European Commissioner for Agriculture Janusz Wojciechowski will also take part in the Council of Agricultural Ministers’ meeting in Luxembourg as an update is expected from the European Commission on pesticide reduction proposals and ensuring that the standards for agri-food goods imported into the EU are brought closer in line with farmer standards here.

Speaking ahead of the day’s deliberations, Minister McConalogue commented that the ministers would also be discussing the challenges associated with ensuring production is maintained across the EU amid the high input costs arising from Russia’s invasion of Ukraine.

Planning beyond 2022

Fertiliser cost hikes and availability are two of the biggest issues facing farmers, the minister stated.

“As the current crisis becomes more prolonged, we need to prepare now for 2023. I consider that, in terms of further actions the Commission can take now, greater planning and preparation in relation to the supply of fertiliser is essential,” he said in Luxembourg.

“Fertiliser affordability and availability is one of the biggest challenges facing our farmers at present.
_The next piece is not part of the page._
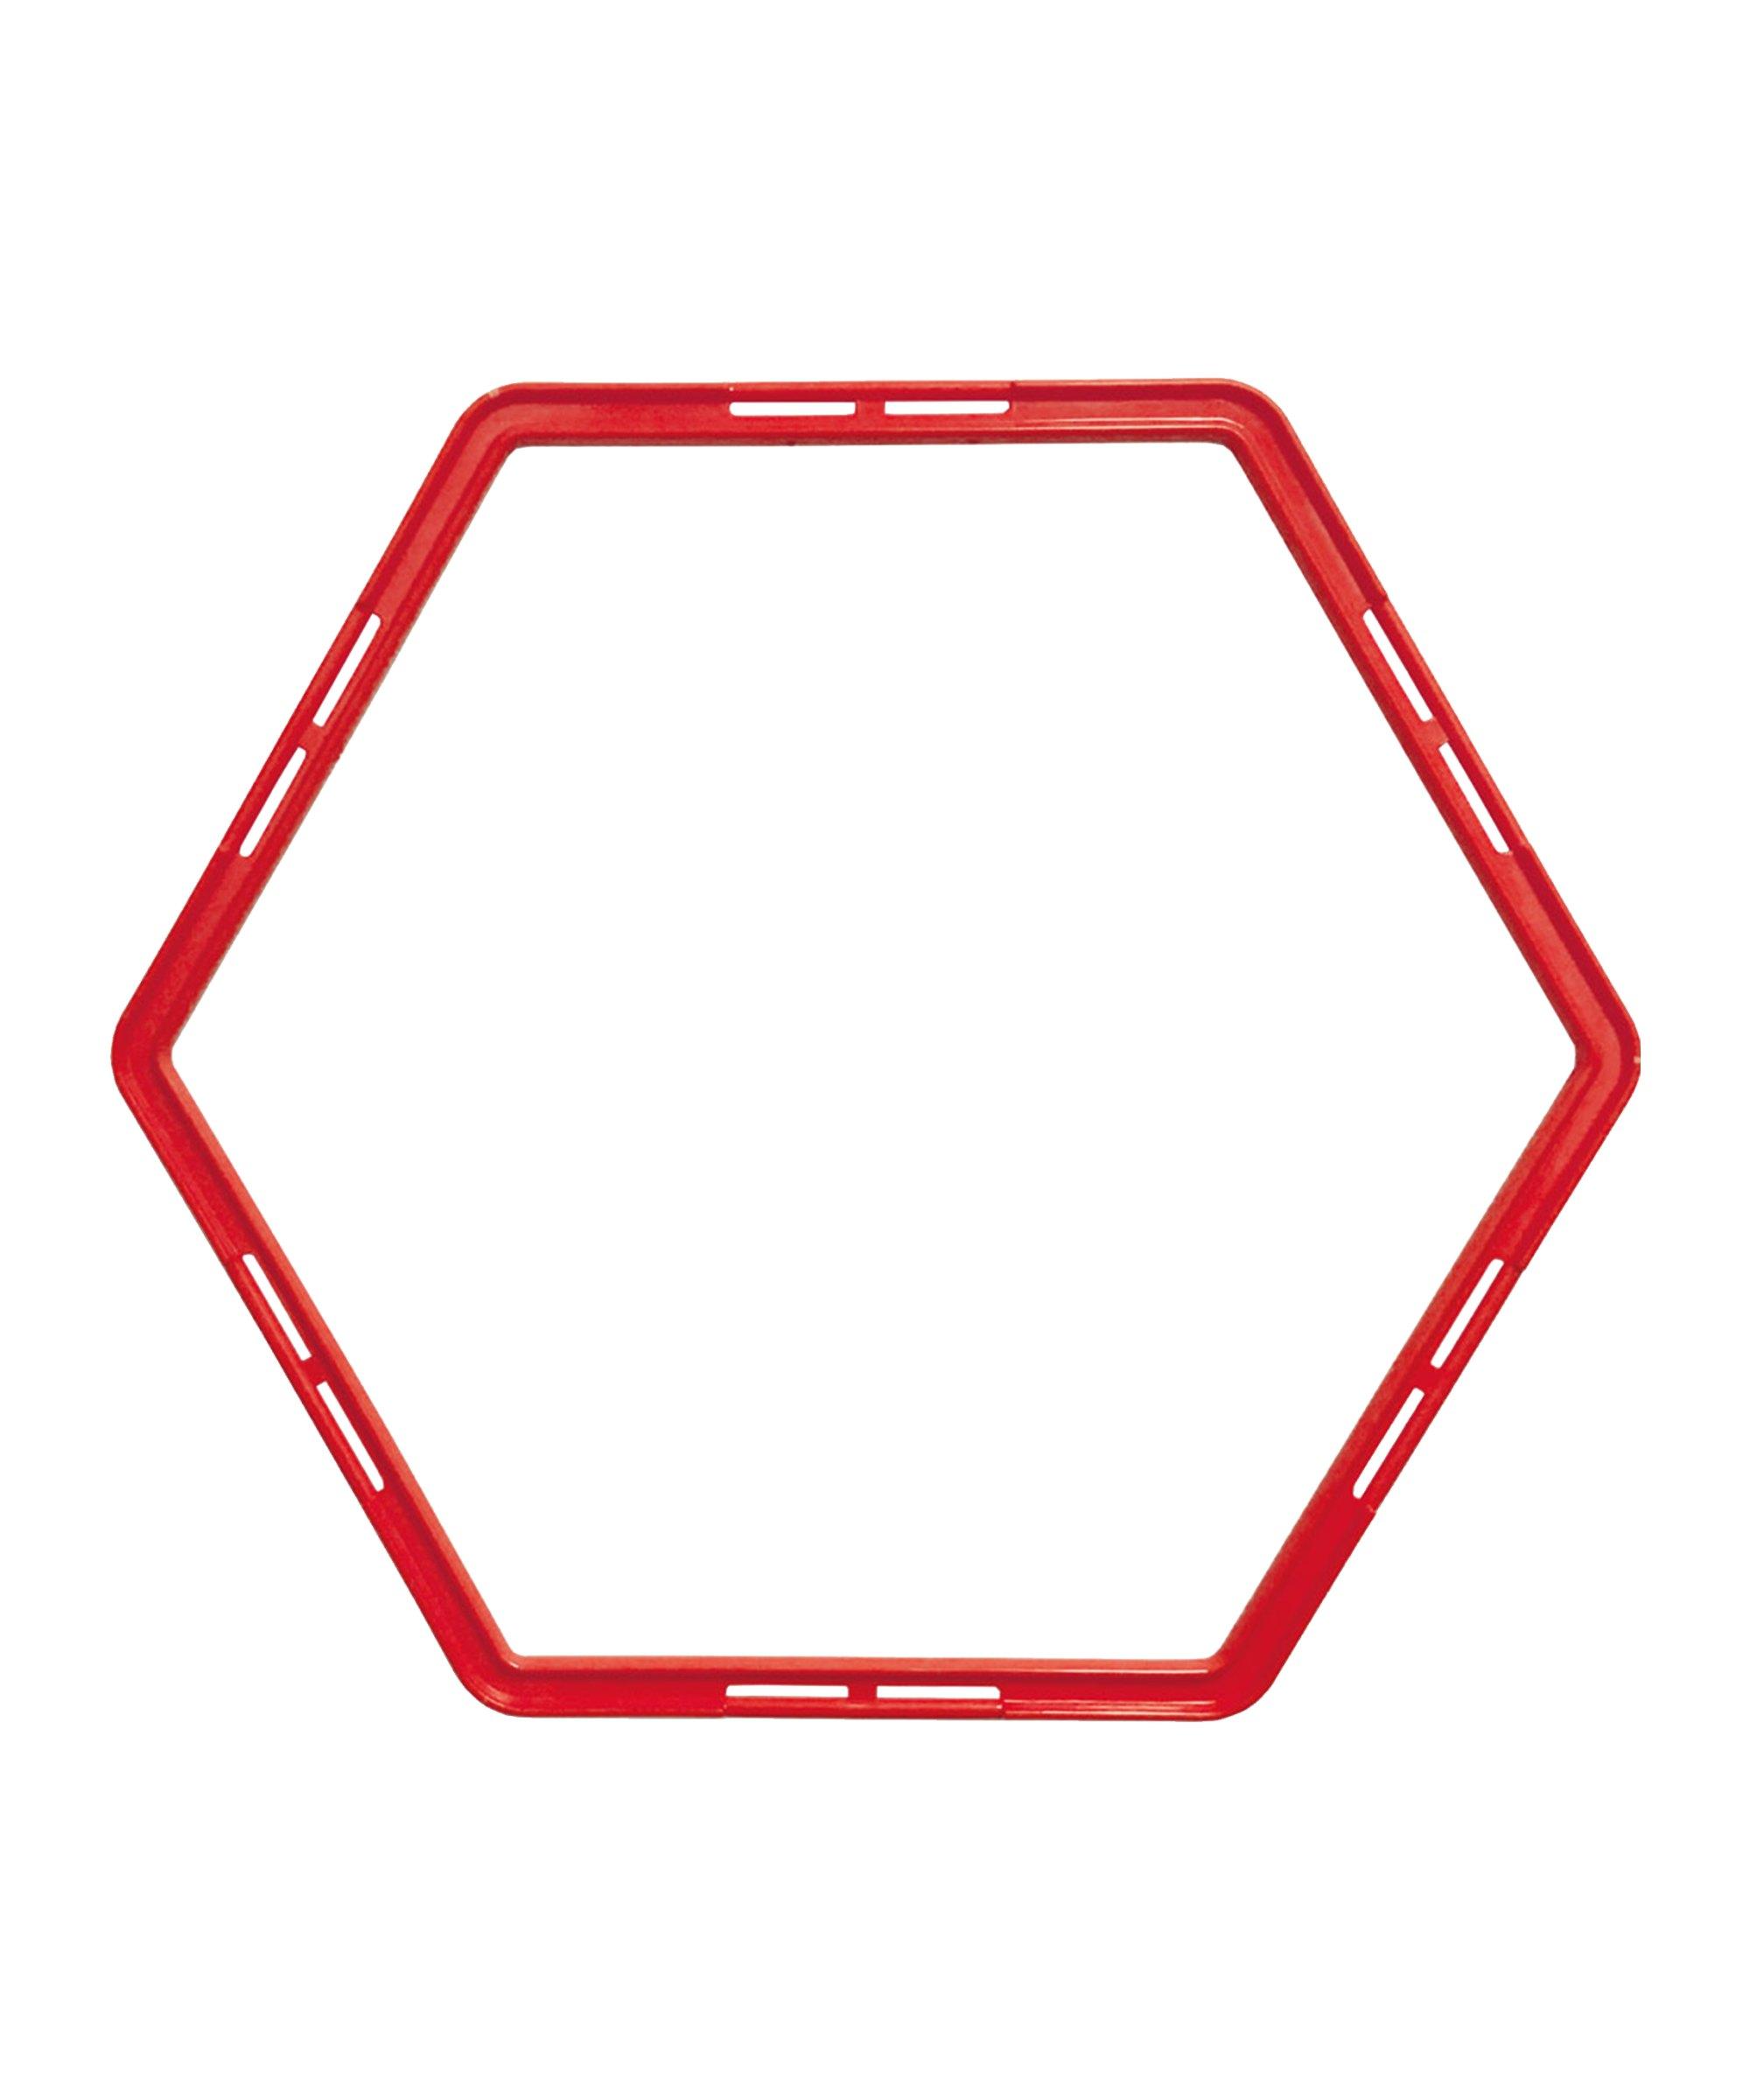 Cawila PRO TRAINING Hexa-Hoops Set d49mm Rot - rot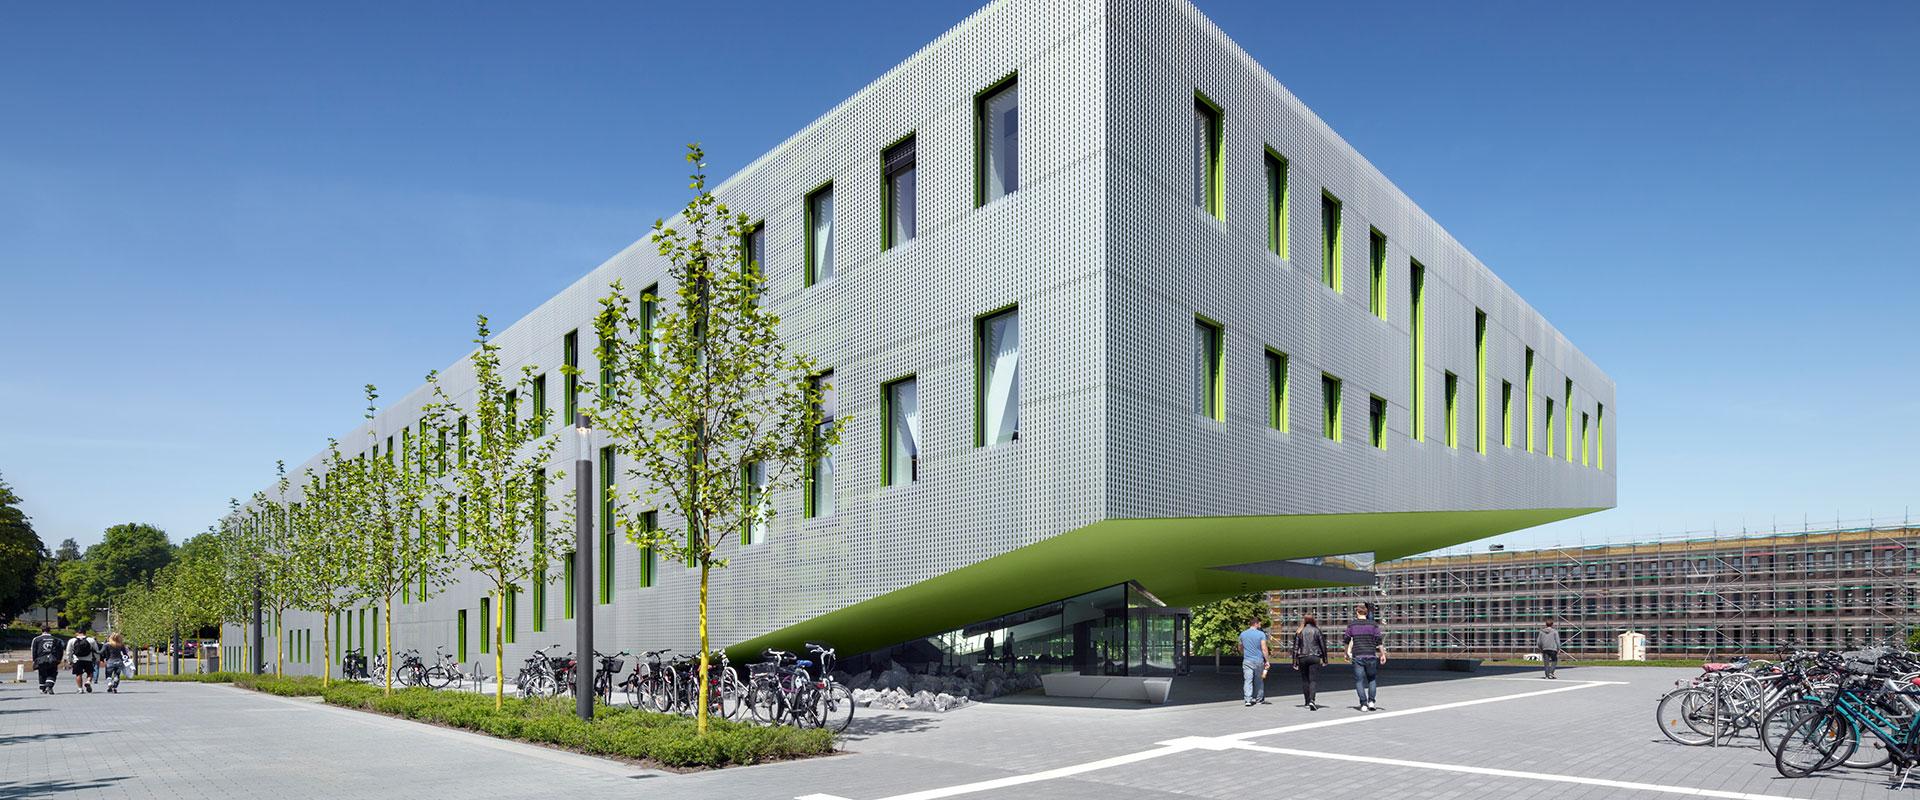 AGGLOTECH-progetto-hochschule-slider-8

We should also ensure that global markets continue to function effectively, and that every effort continues to be made to facilitate Ukrainian exports.

“Particularly looking at challenges in relation to ensuring that food production continues strongly across the continent and also looking at how we can continue to support our friends in Ukraine at an immensely challenging time for them.

“And also planning in regards to the challenges that are there from the from the point of view of fertiliser supply not just for this year, but for next year, and considering the challenges around that as well,” the minister said.

Important meeting

“It is important that there is fairness in relation to trade and that we apply common standards and expect the same standards from products coming into the EU as the products we export,” Minister McConalogue commented.

Minister McConalogue stated that an update was expected from the Commission on pesticide reduction strategies.

He stated that balance was needed in the approach to reducing pesticides as reduced usage for improved biodiversity should progress with consideration of yield impacts of such moves.

“Obviously, it is really important that we ensure the use of pesticides is done in a sustainable manner and biodiversity is massively important as a key priority for all member states, a key priority for Ireland and we have to ensure with the standards we apply with regards to pesticides that they are sustainable and balance that against the need for productivity as well,” the minister concluded.